He bent over her, looking upon her downcast face, and still holding her hand; then he dropped it, and took a pace or two backwards.

‘It was a whim, nothing more,’ he said, sadly. ‘I wanted to see my little friend, to express good wishes—and to present her with this.’ He held forward a small morocco case, and showed her how to open it, disclosing a pretty locket, set with pearls. ‘It is intended as a wedding present,’ he continued. ‘To be returned to me again if you do not marry Jim this summer—it is to be this summer, I think?’

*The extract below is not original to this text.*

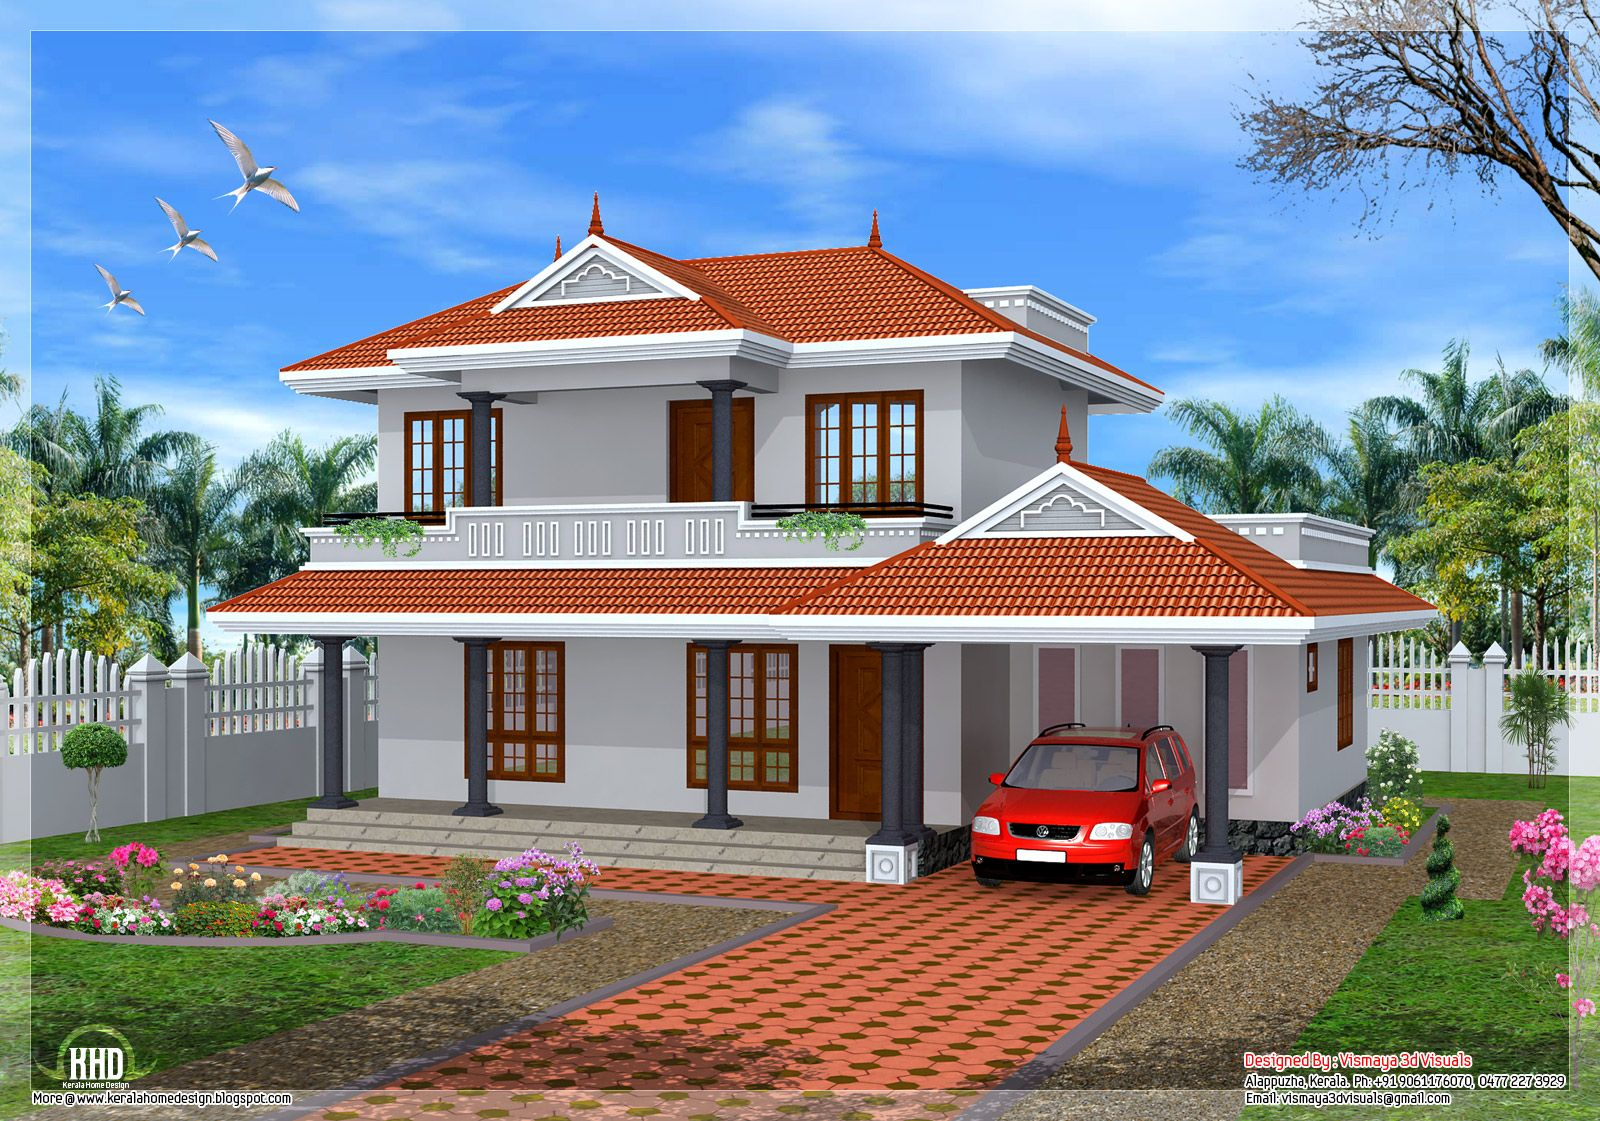 Architectural Design House Plans Kerala house design

‘It was, sir,’ she said with agitation. ‘But it is so no longer. And, therefore, I cannot take this.’

‘What do you say?’

‘It was to have been to-day; but now it cannot be.’

‘The wedding to-day—Sunday?’ he cried.

‘We fixed Sunday not to hinder much time at this busy season of the year,’ replied she.

‘And have you, then, put it off—surely not?’

‘You sent for me, and I have come,’ she answered humbly, like an obedient familiar in the employ of some great enchanter. Indeed, the Baron’s power over this innocent girl was curiously like enchantment, or mesmeric influence. It was so masterful that the sexual element was almost eliminated. It was that of Prospero over the gentle Ariel. And yet it was probably only that of the cosmopolite over the recluse, of the experienced man over the simple maid.

‘You have come—on your wedding-day!—O Margery, this is a mistake. Of course, you should not have obeyed me, since, though I thought your wedding would be soon, I did not know it was to-day.’